I use the identity $$ \Gamma(z)\Gamma(1-z)=\pi \csc(\pi z)\textrm{, }z\in\textbf{C}-\textbf{Z} $$ to get $$ \Gamma\left(\frac{a+3b}{4(a+b)}\right)\Gamma\left(\frac{3a+b}{4(a+b)}\right)=\pi\csc\left(\pi\frac{a+3b}{4(a+b)}\right), \tag 1 $$ since $$ \frac{a+3b}{4(a+b)}+\frac{3a+b}{4(a+b)}=1. $$ Using the same argument and the relation $$ \Gamma(1+z)=z\Gamma(z)\textrm{, }Re(z)>0 $$ I can write $$ \Gamma(z)\Gamma(2-z)=(1-z)\Gamma(z)\Gamma(1-z), $$ and hence $$ \Gamma\left(\frac{3a+5b}{4(a+b)}\right)\Gamma\left(\frac{5a+3b}{4(a+b)}\right)=\left(1-\frac{3a+5b}{4(a+b)}\right)\pi\csc\left(\pi\frac{3a+5b}{4(a+b)}\right)= $$ $$ =\frac{a-b}{4(a+b)}\pi\csc\left(\pi\frac{3a+5b}{4(a+b)}\right)\tag 2 $$ Hence $$ \frac{\Gamma\left(\frac{a+3b}{4(a+b)}\right)\Gamma\left(\frac{3a+b}{4(a+b)}\right)}{\Gamma\left(\frac{3a+5b}{4(a+b)}\right)\Gamma\left(\frac{5a+3b}{4(a+b)}\right)}=\frac{4(a+b)}{a-b}\frac{\csc\left(\pi\frac{a+3b}{4(a+b)}\right)}{\csc\left(\pi\frac{3a+5b}{4(a+b)}\right)}=\frac{4(a+b)}{a-b}\frac{\sin\left(\pi\frac{3a+5b}{4(a+b)}\right)}{\sin\left(\pi\frac{a+3b}{4(a+b)}\right)}= $$ $$ =\frac{4(a+b)}{a-b}\frac{\sin\left(\pi\frac{3a+5b}{4(a+b)}\right)}{\sin\left(\pi\frac{a+3b}{4(a+b)}\right)}=4\frac{a+b}{a-b}\frac{\cos\left(\pi\frac{a+3b}{4(a+b)}\right)}{\sin\left(\pi\frac{a+3b}{4(a+b)}\right)}= $$ $$ =4\frac{a+b}{a-b}\cot\left(\pi\frac{a+3b}{4(a+b)}\right)=4\frac{a+b}{a-b}\cot\left(\pi\frac{a-b}{4(a+b)}\right)=4\frac{a+b}{a-b}\tan\left(\pi\frac{a-b}{4(a+b)}\right).\tag 3 $$ From the reason that $\frac{3a+5b}{4(a+b)}-\frac{a+3b}{4(a+b)}=\frac{1}{2}$ and $$ \cot\left(\pi\frac{a+3b}{4(a+b)}\right)=\tan\left(\frac{2(a+b)\pi}{4(a+b)}-\pi\frac{a+3b}{4(a+b)}\right). $$ The conditions are $$ \frac{a+3b}{4(a+b)}\textrm{, }\frac{3a+5b}{4(a+b)}\not\in\textbf{Z}\textrm{ and }Re\left(\frac{a-b}{a+b}\right)>0\tag 4 $$

NOTE 1.

The $n-$th convergent of the numerator of Gamma-function-involved cf can written as $$ \left((n+1)a+(n-1)b\right)\left((n-1)a+(n+1)b\right)=n^2(a+b)^2-(a-b)^2 $$

SECTION 2.

In this section we prove the generalization (second cf stated in the answer).
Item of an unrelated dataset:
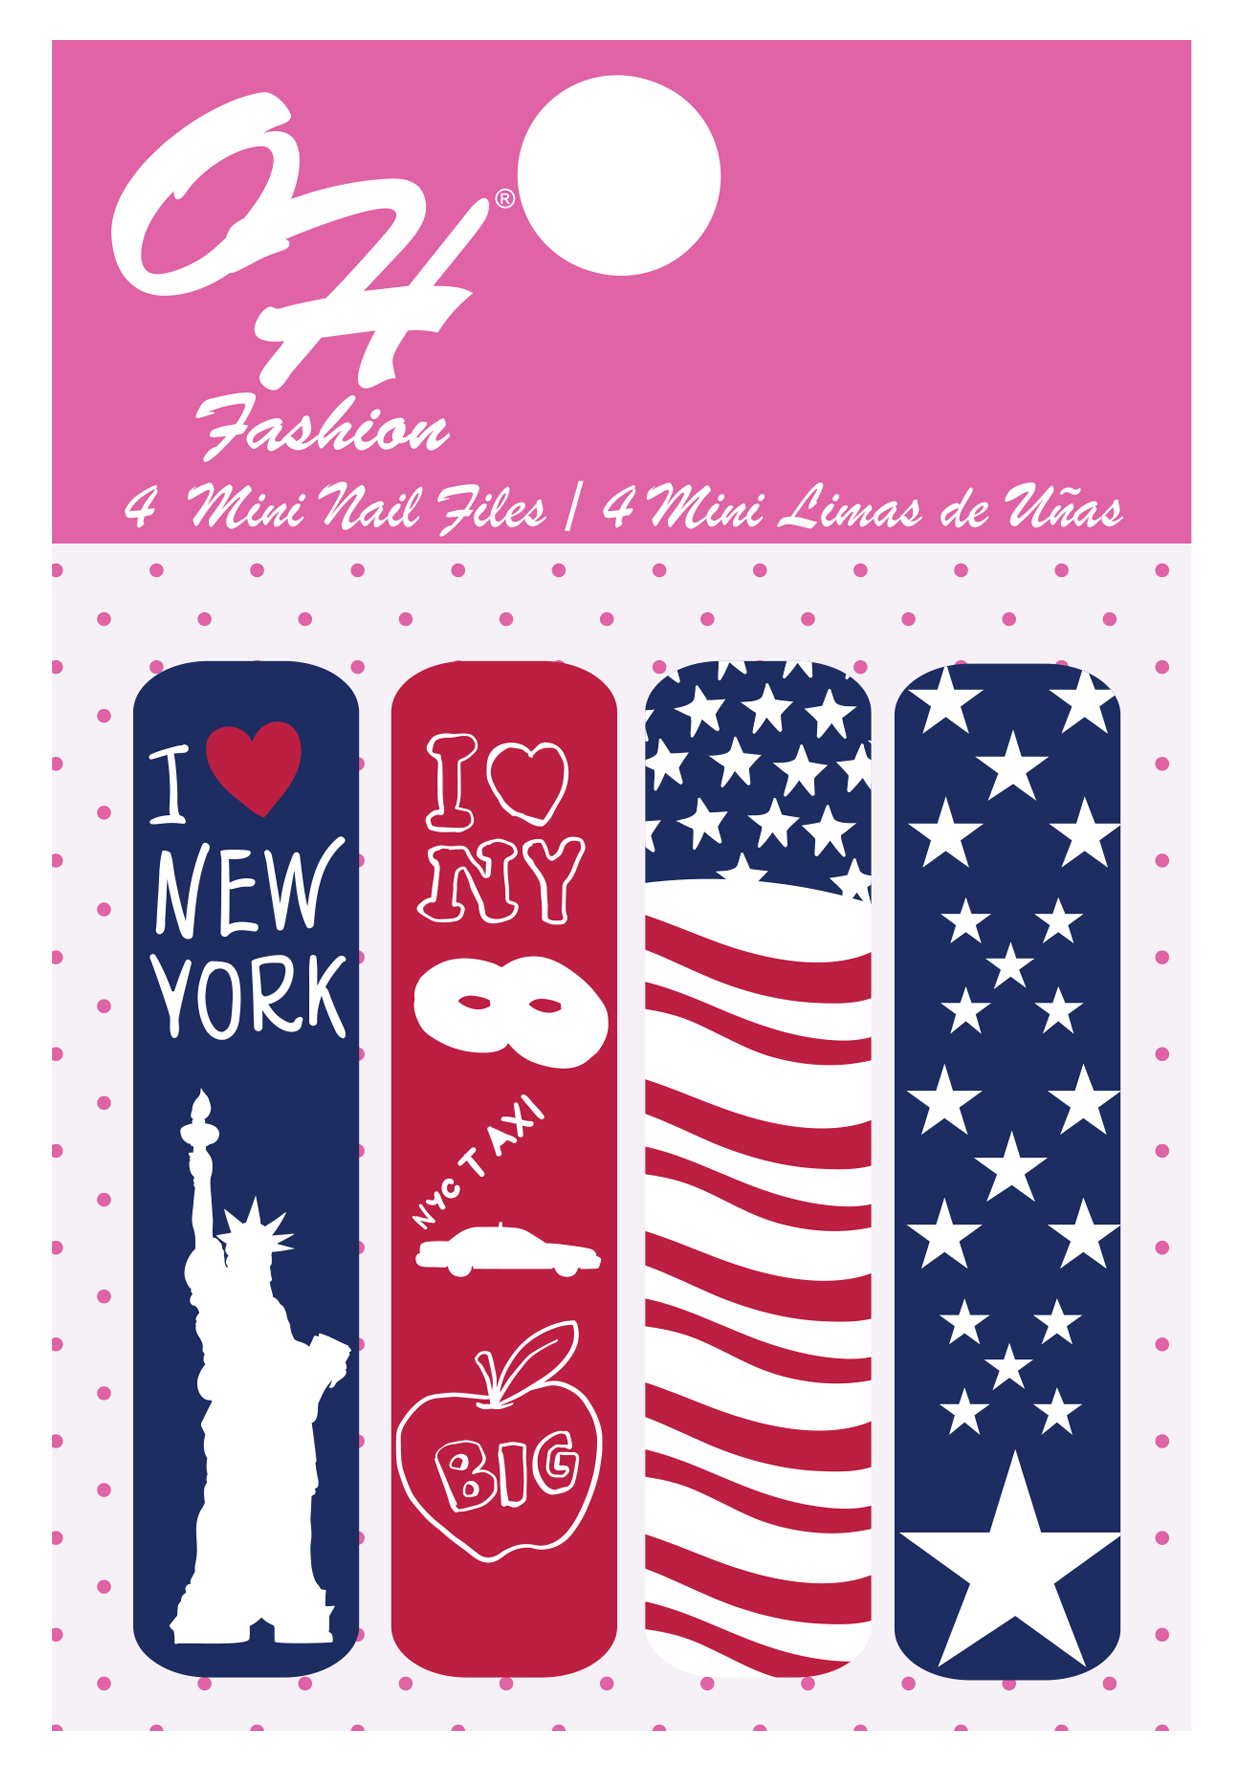 OH Fashion Mini Nail Files USA New York 🗽 | Pink Hector

Consequently from this cf and Section 1 we get the validity of the first stated cf (this with the Gamma-function).

The following expansion is at [1] p.566 $$ -1+\left(\frac{1+Az}{1+Bz}\right)^\alpha= $$ $$ \frac{2\alpha (A-B)z}{2+(A+B-\alpha (A-B))z-}\frac{(A-B)^2(1^2-\alpha^2)z^2}{3(2+(A+B)z)-}\frac{(A-B)^2(2^2-\alpha^2)z^2}{5(2+(A+B)z)-}\frac{(A-B)^2(3^2-\alpha^2)z^2}{7(2+(A+B)z)-\ldots} $$ for $$ \frac{2+(A+B)z}{(A-B)z}\in\textbf{C}-[-1,1].\tag 4 $$

Setting $$ A=\frac{-2+(a+b)(d-i\sqrt{c})}{2z}\textrm{, }B=\frac{-2+(a+b)(d+i\sqrt{c})}{2z}\textrm{ and } \alpha=\frac{b-a}{b+a} $$ we get $$ \frac{2\alpha(A-B)z}{\left(\frac{1+Az}{1+Bz}\right)^{\alpha}-1}-\left(2+(A+B-\alpha(A-B))z\right)=\ldots= $$ $$ =\frac{b-a}{c^{-1/2}\tan\left(\frac{b-a}{b+a}\arctan\left(\frac{\sqrt{c}}{d}\right)\right)}-d(a+b) $$ Since also $$ -(A-B)^2(n^2-\alpha^2)z^2=c\left((a+b)^2n^2-(a-b)^2\right) $$ and $$ 2+(A+B)z=d(a+b), $$ we get the proof for the generalization cf. The condition (4) then is $$ \frac{id}{\sqrt{c}}\in\textbf{C}-[-1,1]. $$ Observe that, the "generalization cf" for $c=d=1$ is always convergent and the convergent function is (easily): $$ 4\frac{a+b}{a-b}\tan\left(\pi\frac{a-b}{4(a+b)}\right) $$ Hence from Section 1 (relation (3)) we get the result with conditions (4).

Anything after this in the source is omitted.